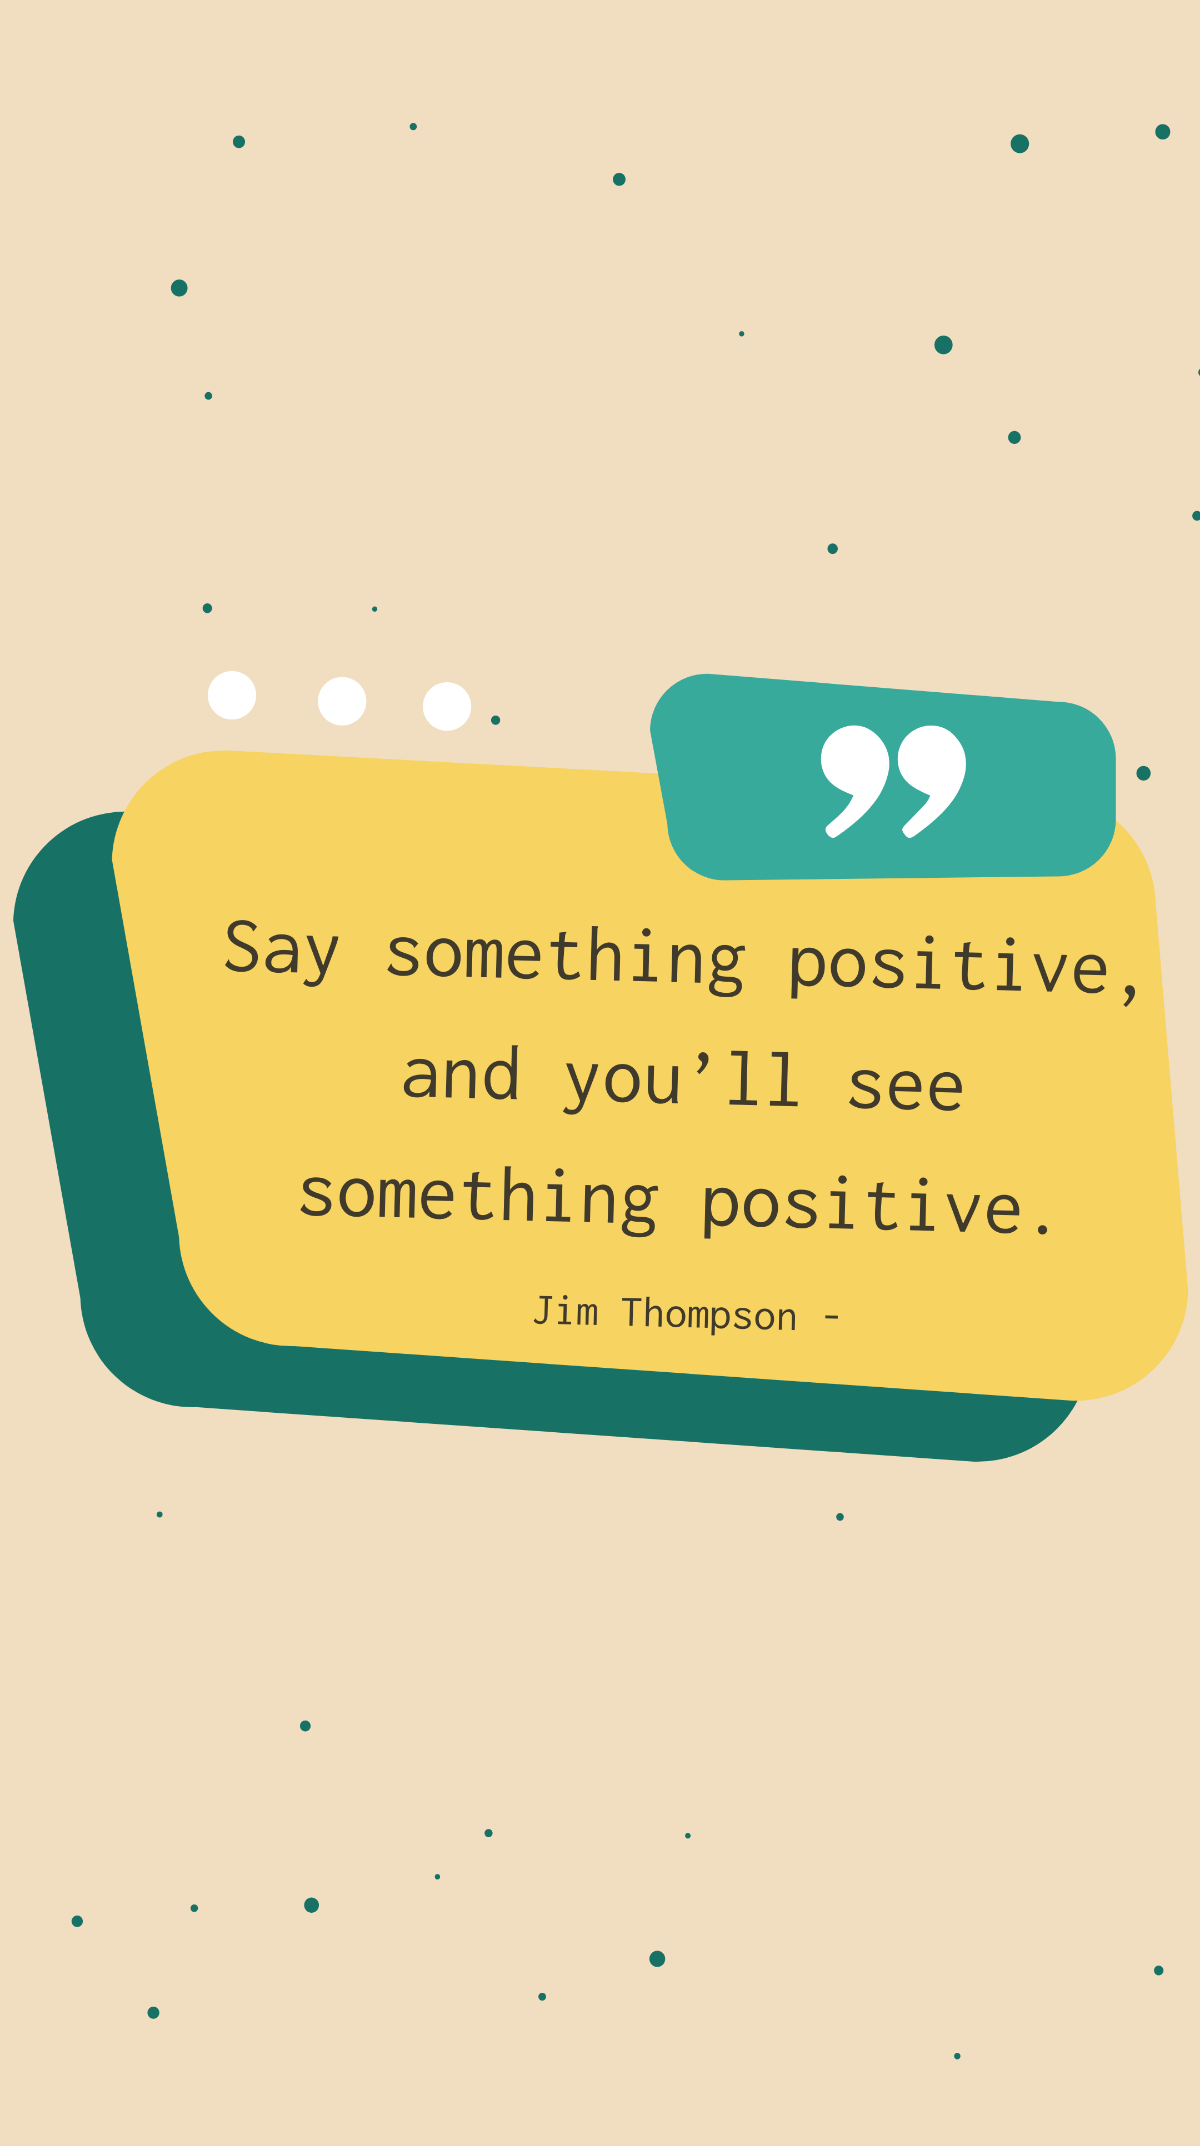 Jim Thompson - Say something positive, and you’ll see something positive. Template
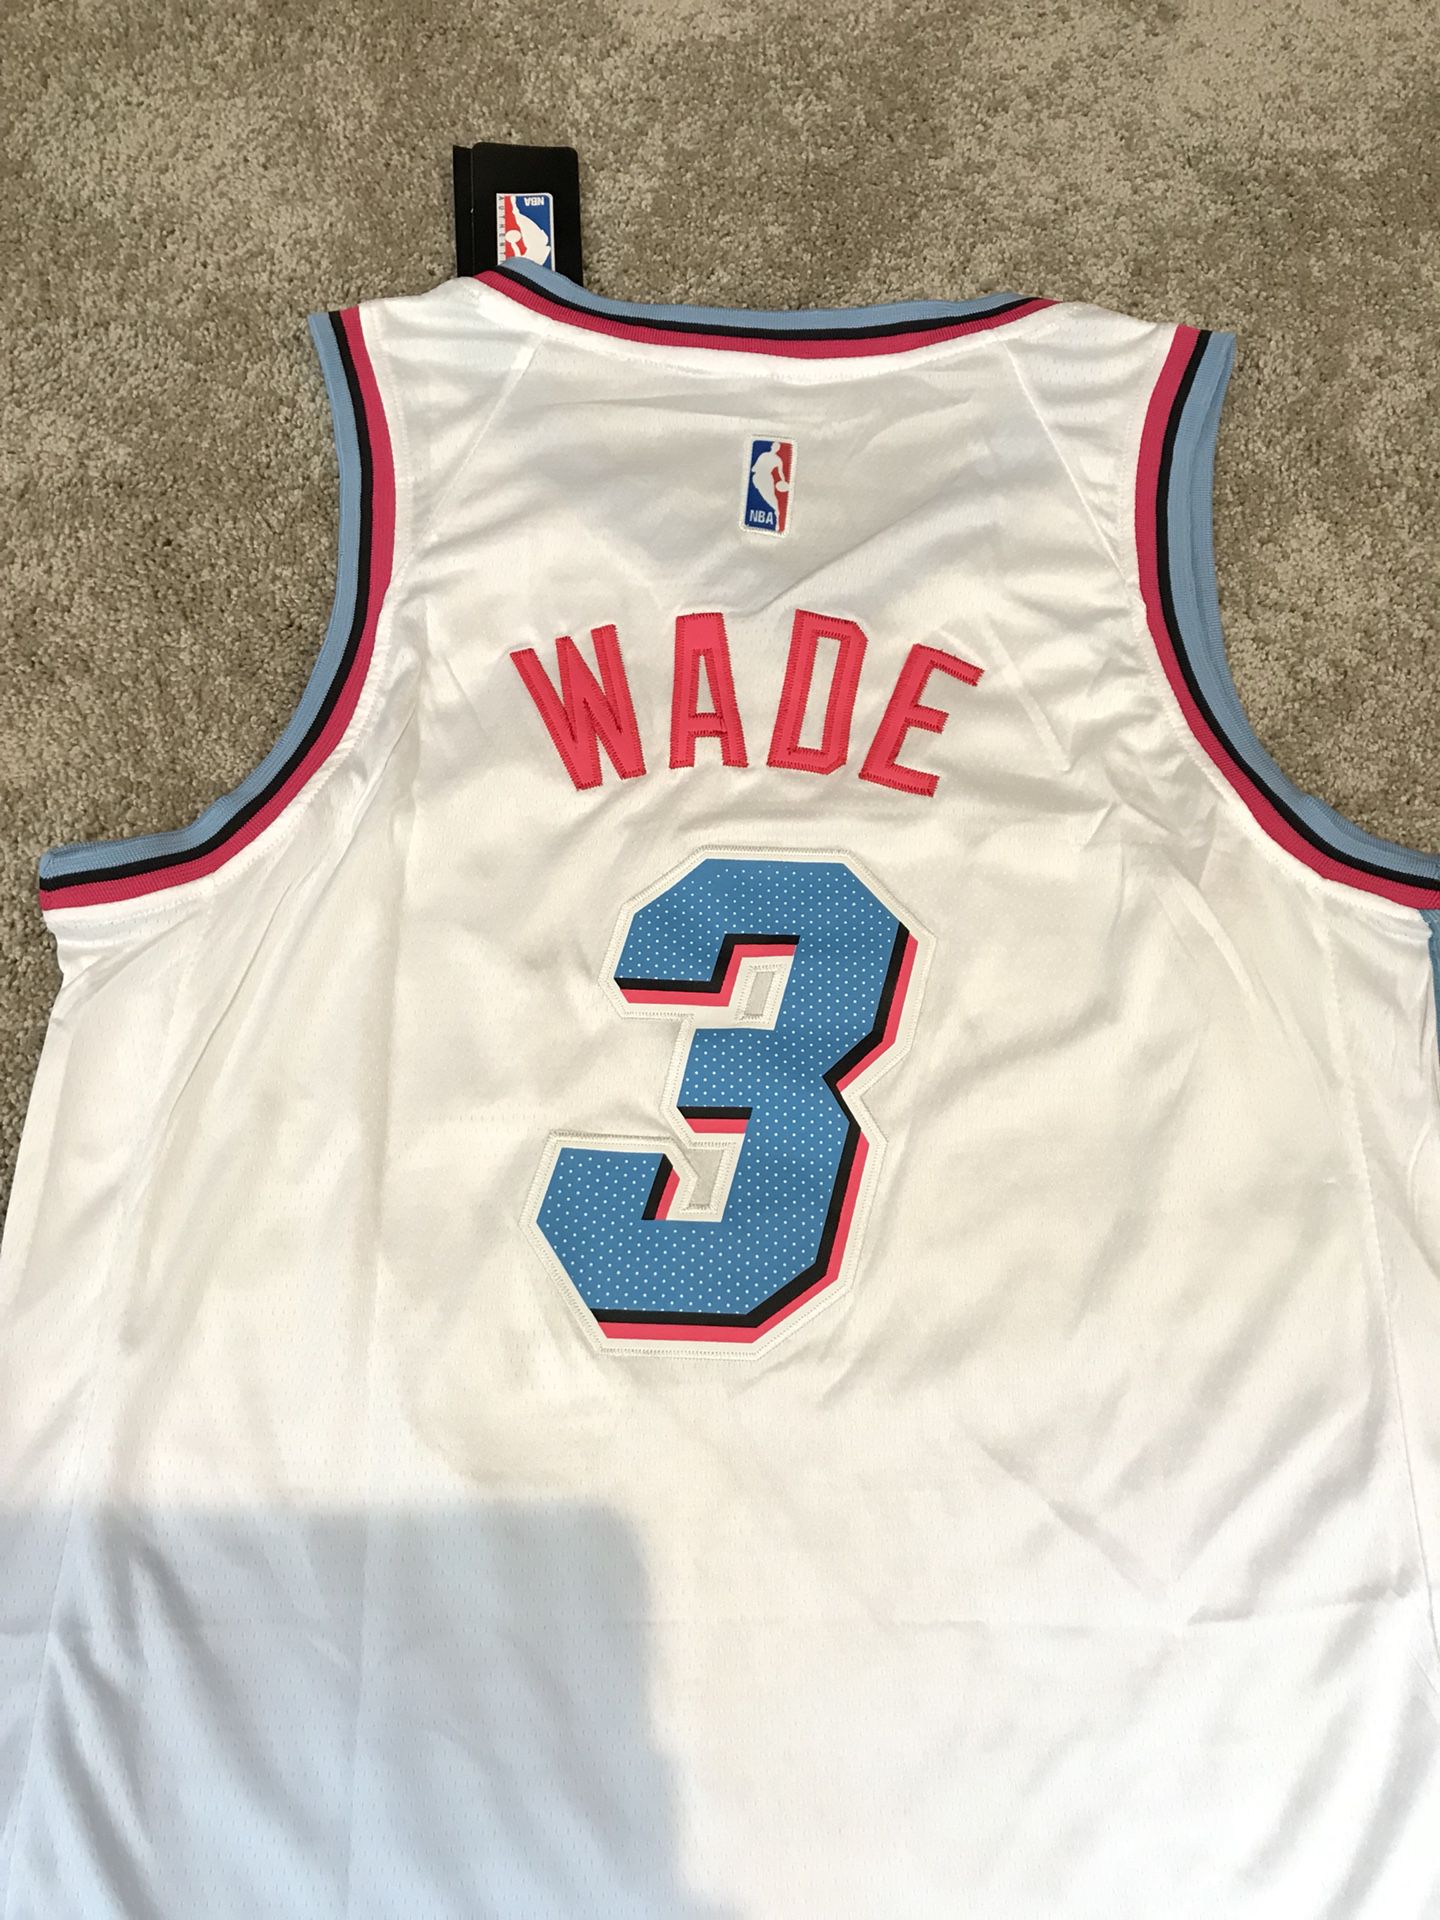 Dwyane Wade Miami Heat City Edition Jersey  New Men's XL for Sale in  Sacramento, CA - OfferUp
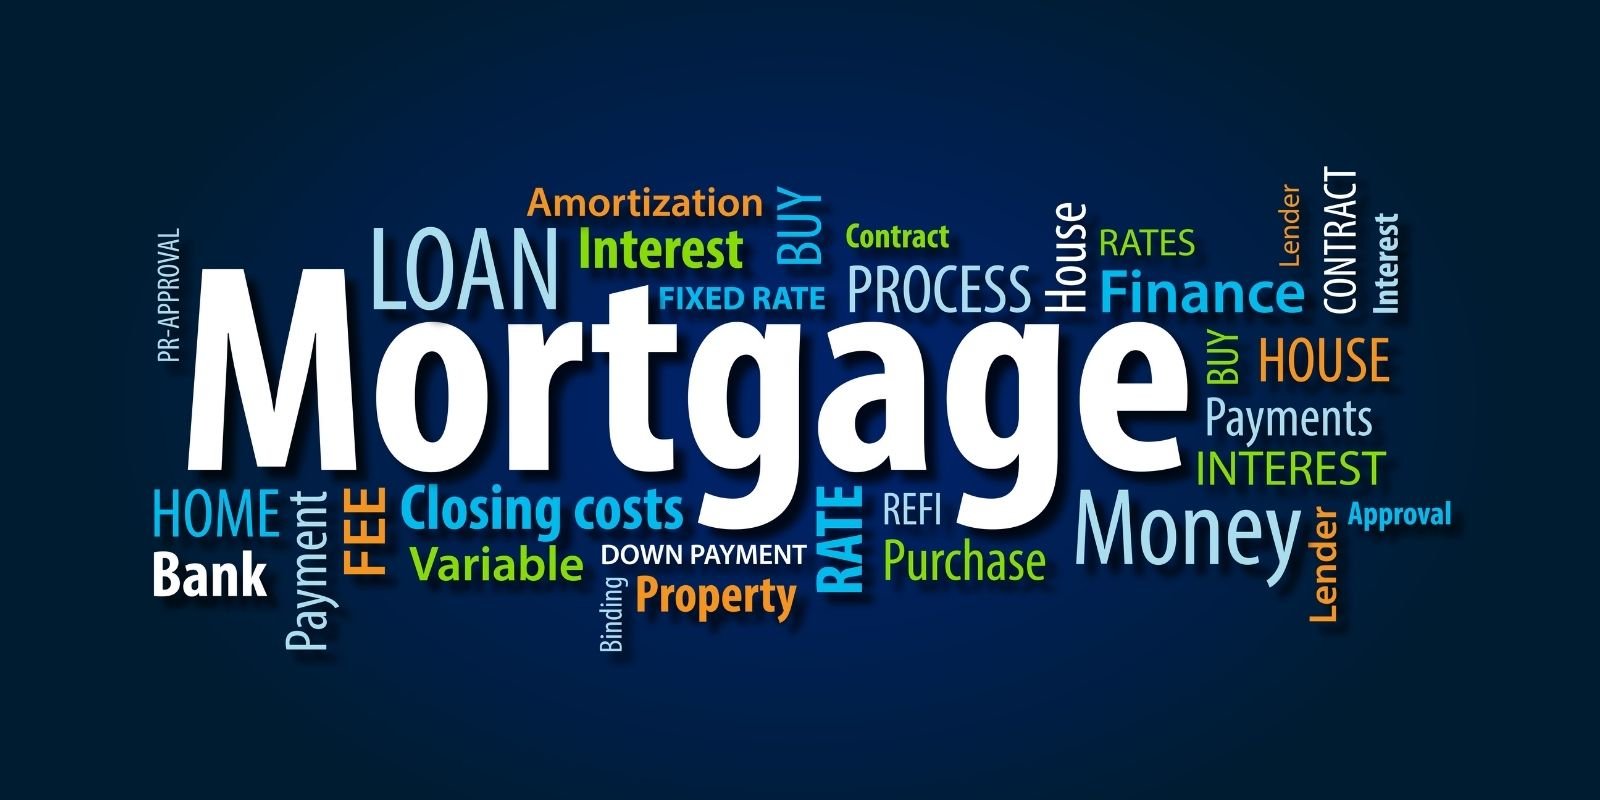 3. Know Your Mortgage Options
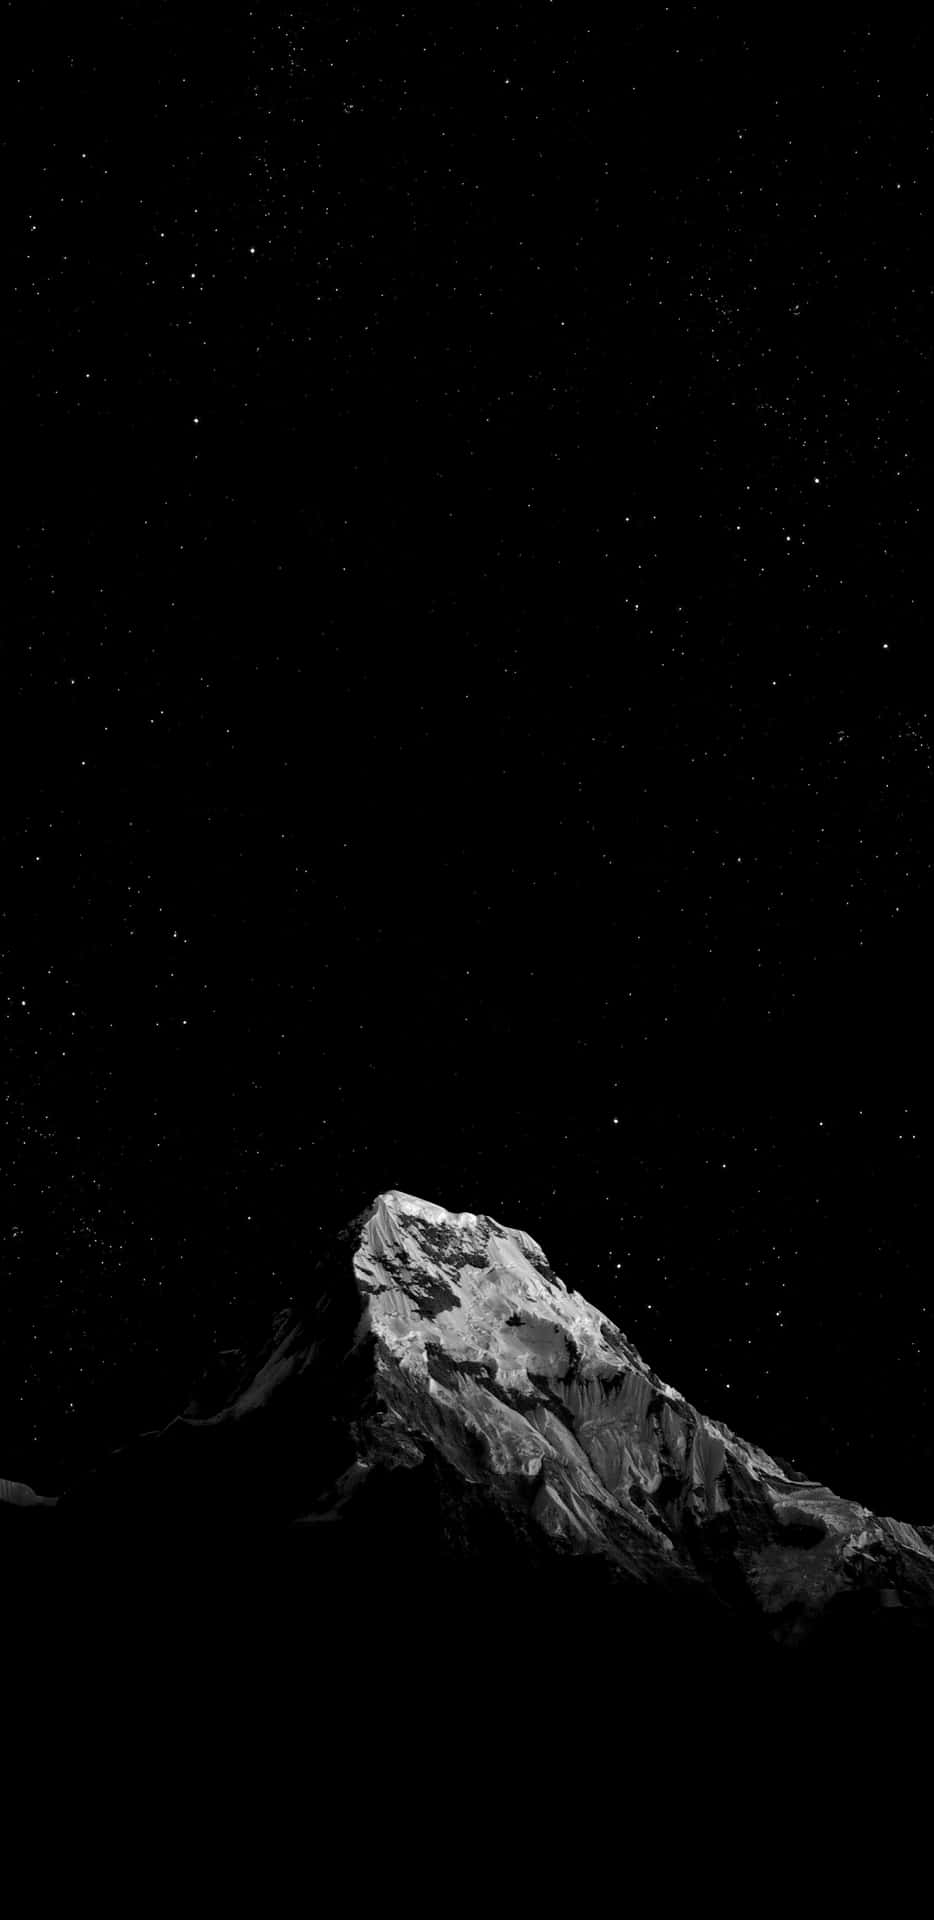 a mountain is shown in the night sky
------------
• _Instructions for the task_:
Leave out the pictures, then reproduce exactly the run of lines from the one that contains "Dwyane Wade Miami" to the final line of the listing above.

• _Output below_:
 Dwyane Wade Miami Heat City Edition Jersey  New Men's XL for Sale in  Sacramento, CA - OfferUp
 3. Know Your Mortgage Options
 a mountain is shown in the night sky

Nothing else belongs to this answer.